** Data section follows **

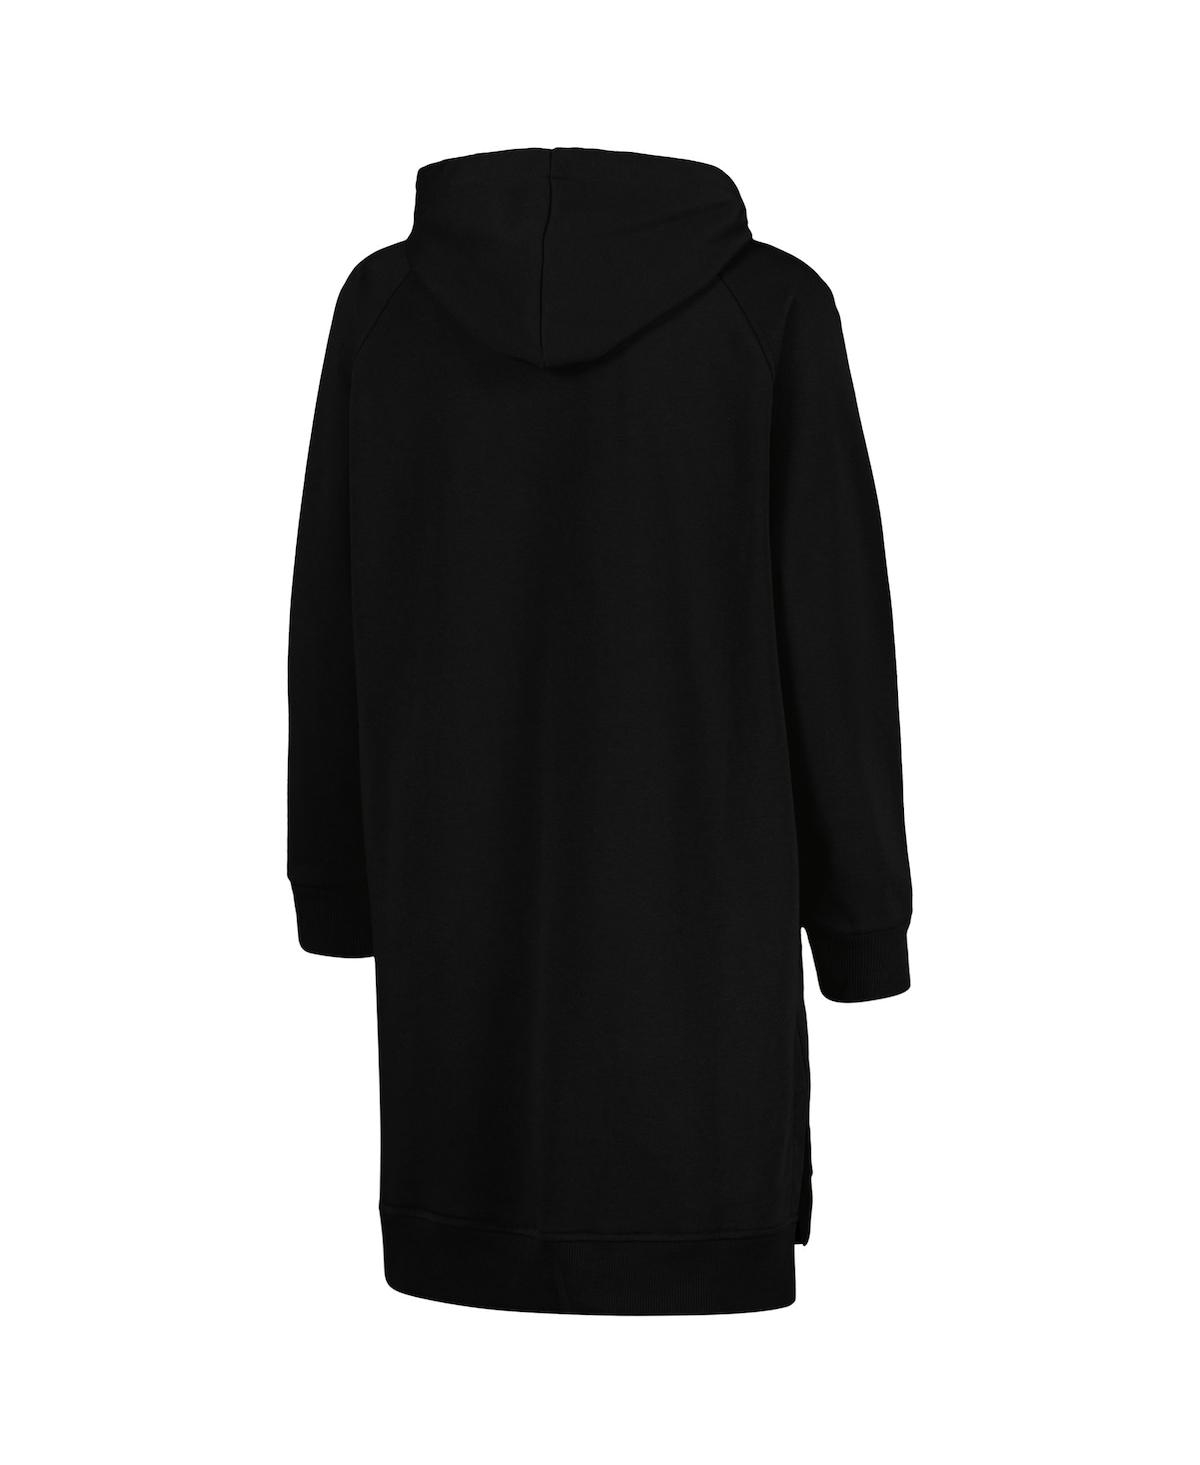 Shop Gameday Couture Women's  Black Ohio State Buckeyes Take A Knee Raglan Hooded Sweatshirt Dress
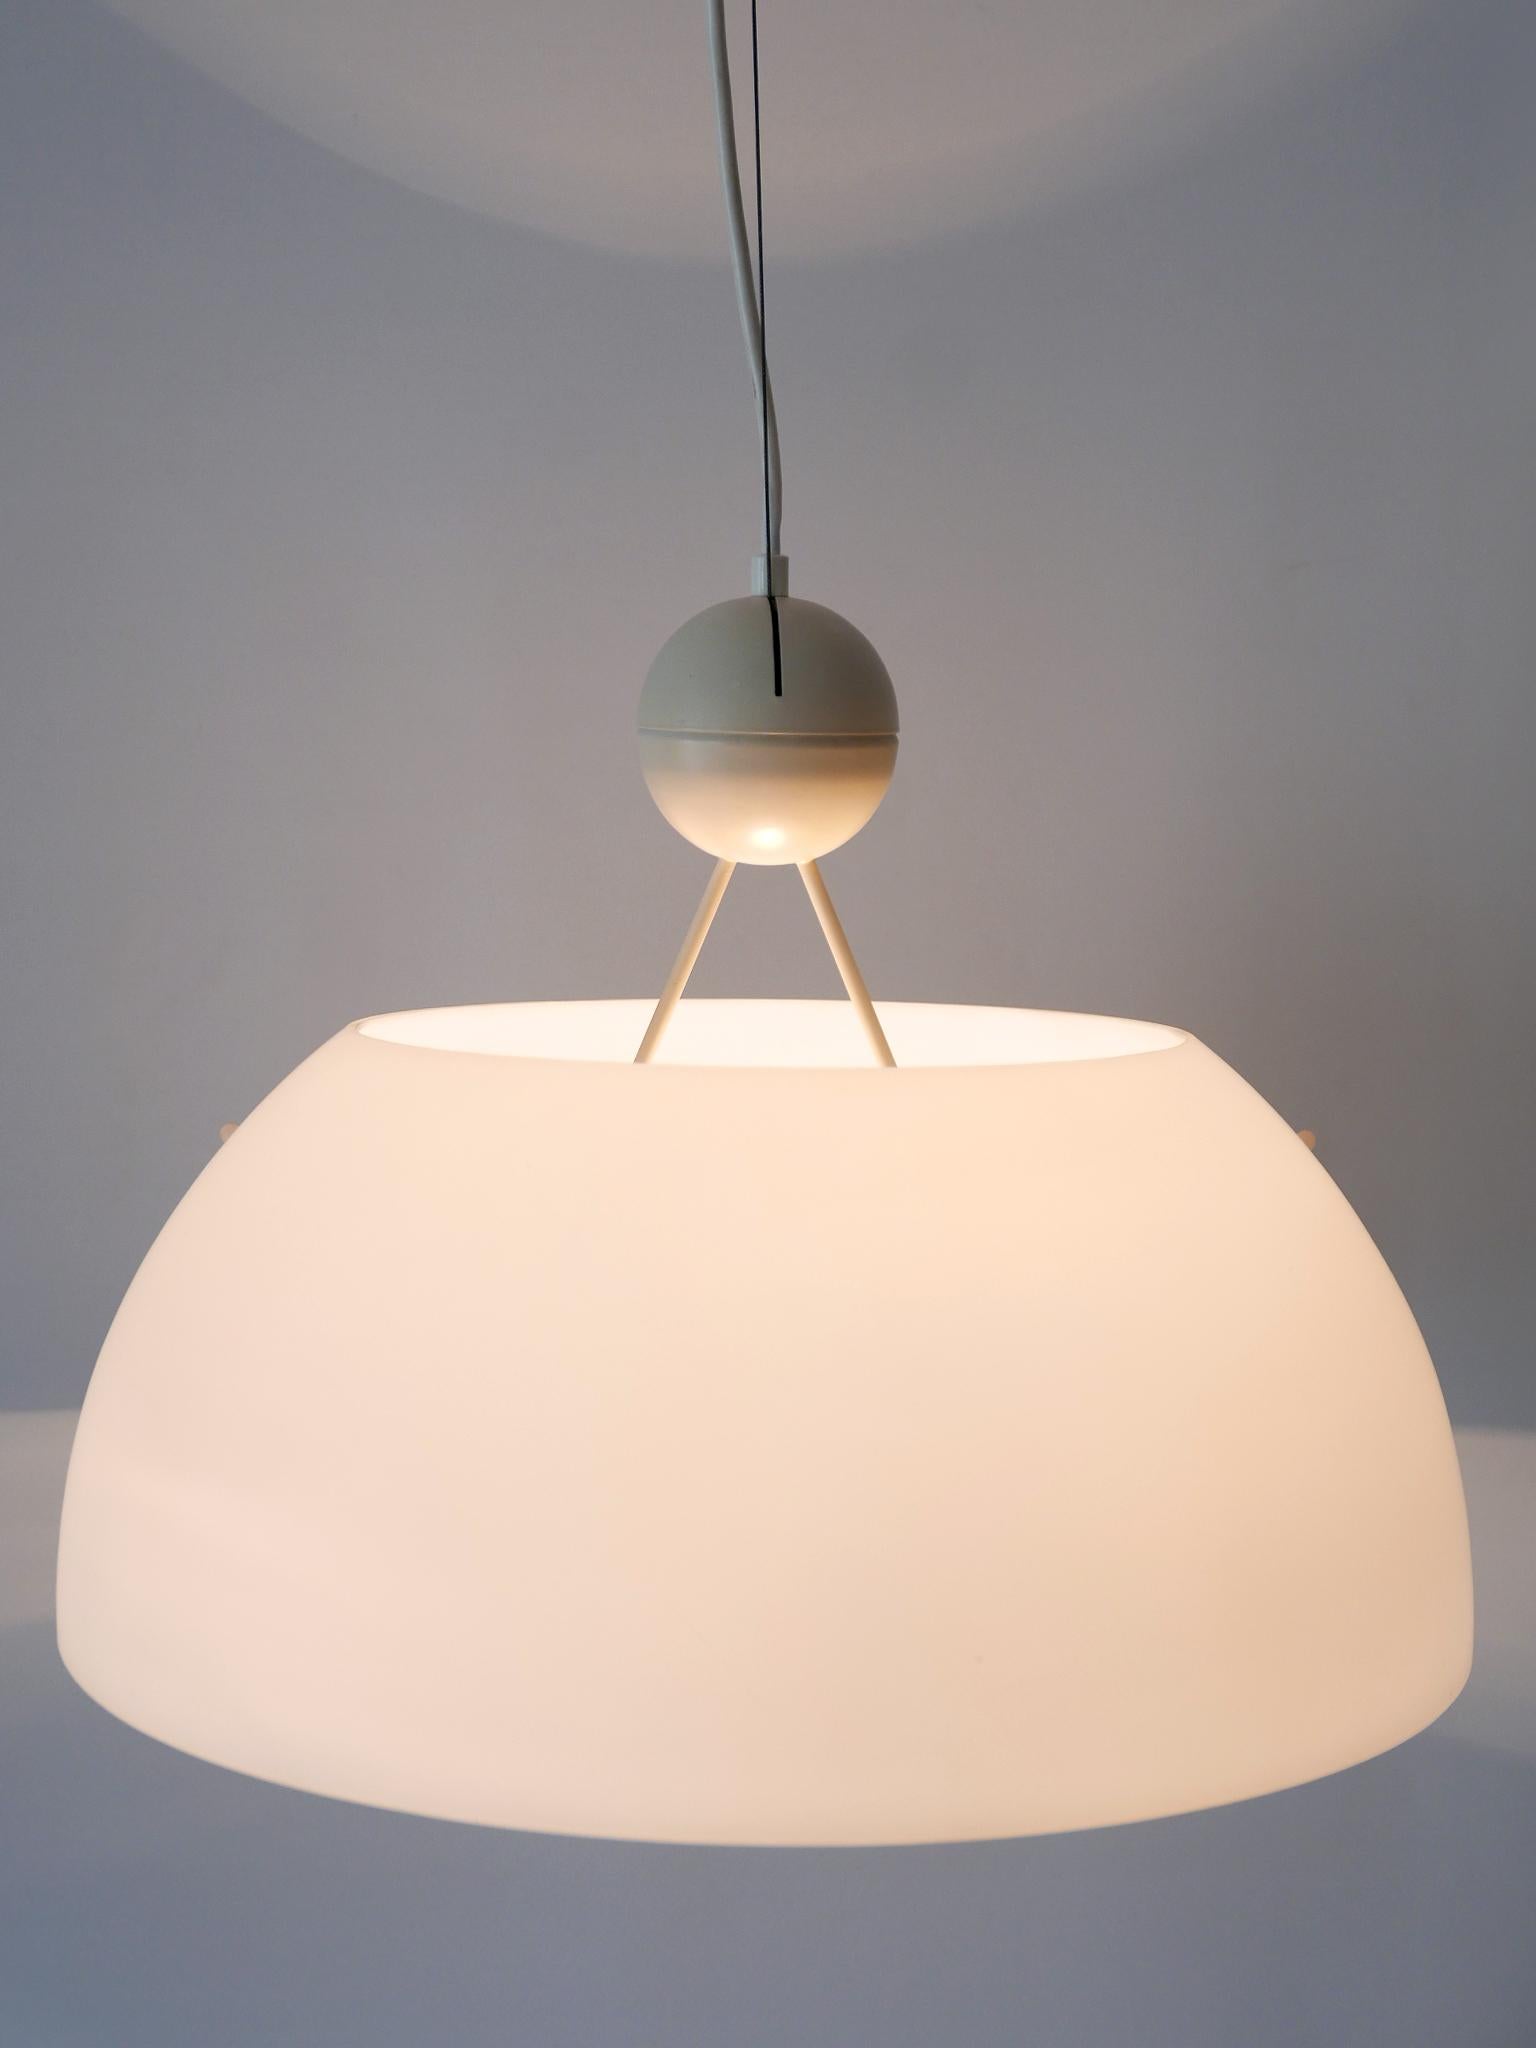 Rare & Elegant Mid-Century Modern Pendant Lamp or Hanging Light Italy 1970s For Sale 11
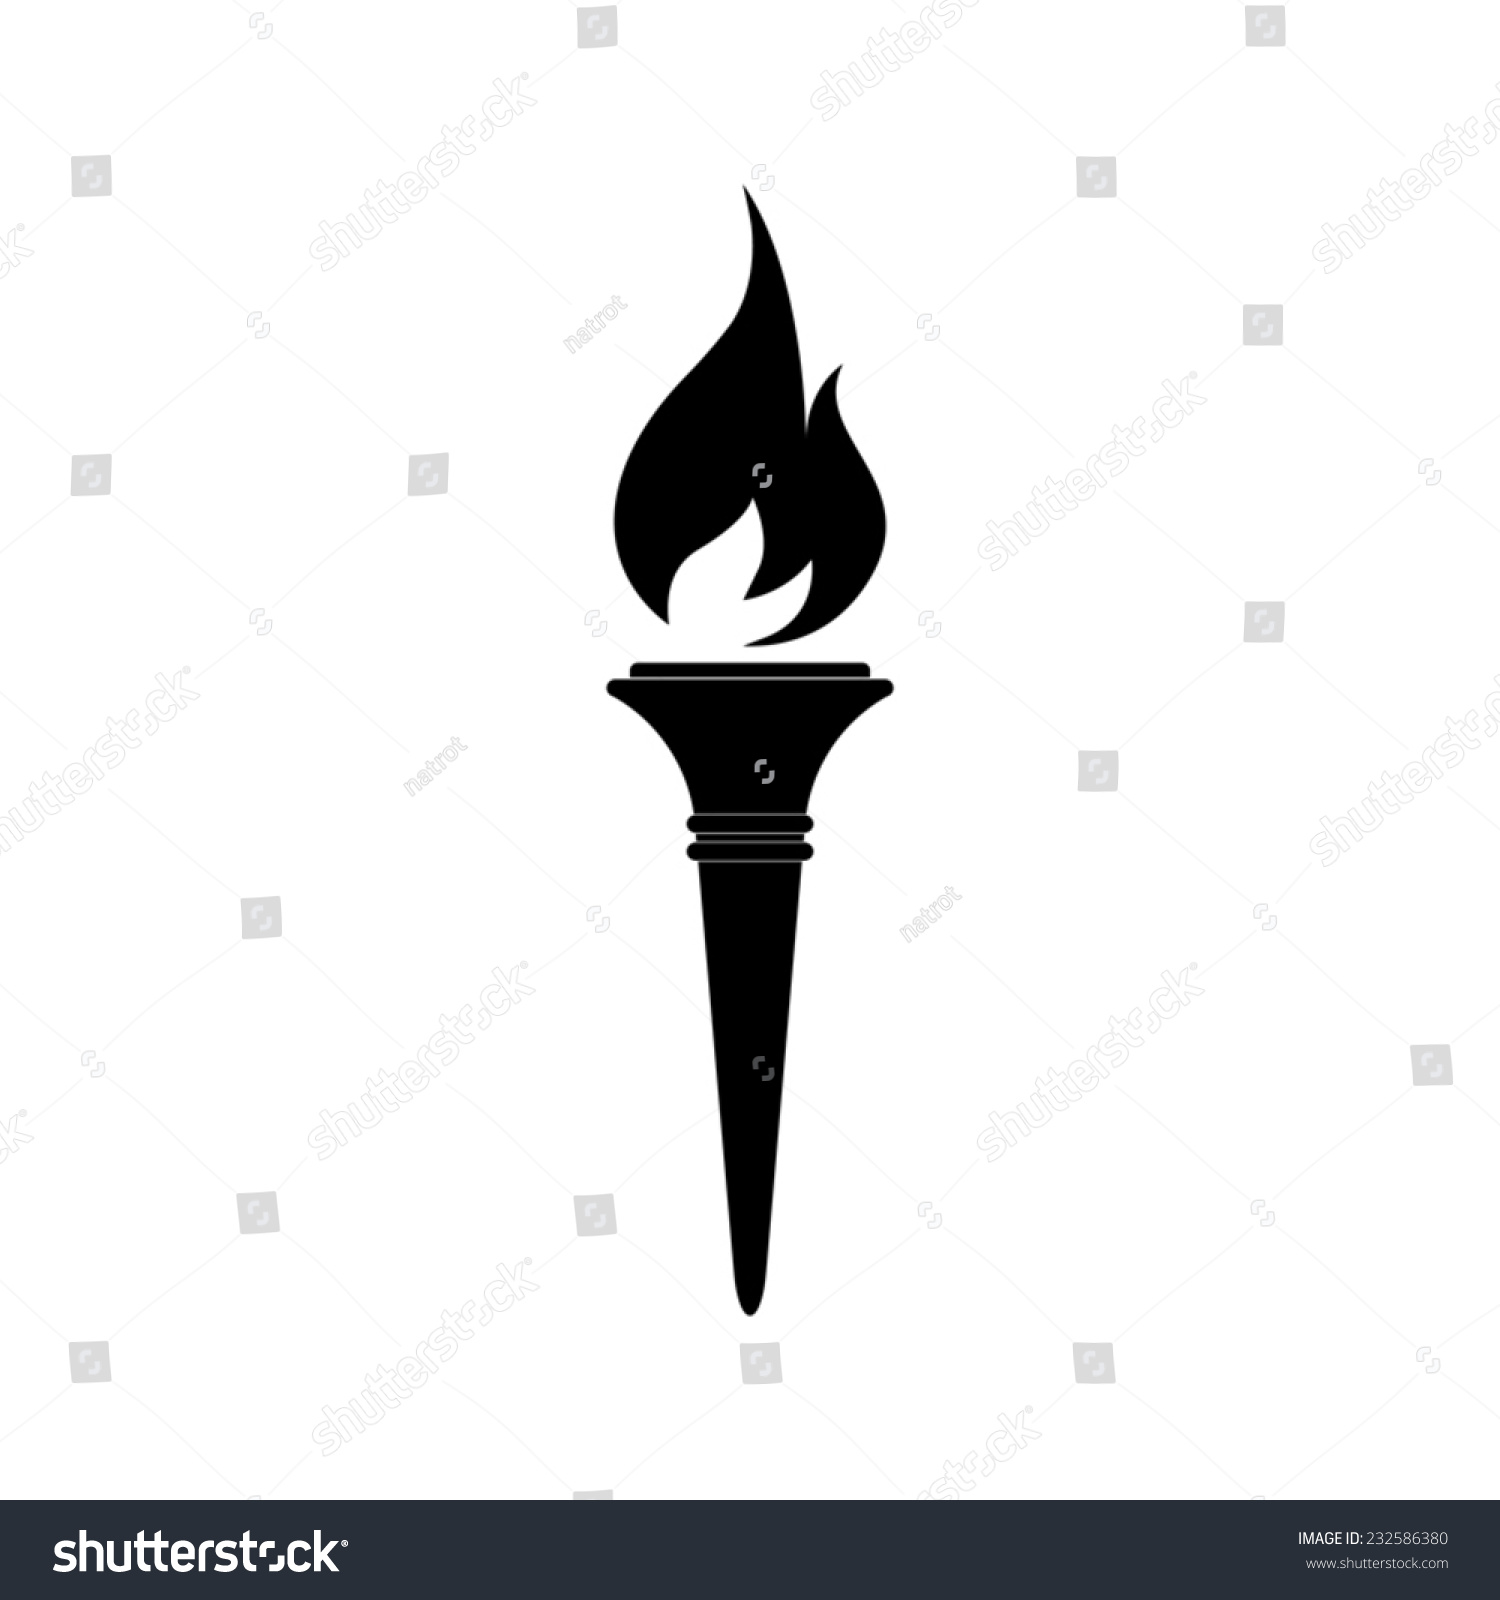 Torch Icon - Vector - 232586380 : Shutterstock

** End of Data section **

- [Exercise prompt] Every line of the data should be transcribed exactly. Omit the images.

- [Exercise solution]
 Shop Gameday Couture Women's  Black Ohio State Buckeyes Take A Knee Raglan Hooded Sweatshirt Dress
 Rare & Elegant Mid-Century Modern Pendant Lamp or Hanging Light Italy 1970s For Sale 11
 Torch Icon - Vector - 232586380 : Shutterstock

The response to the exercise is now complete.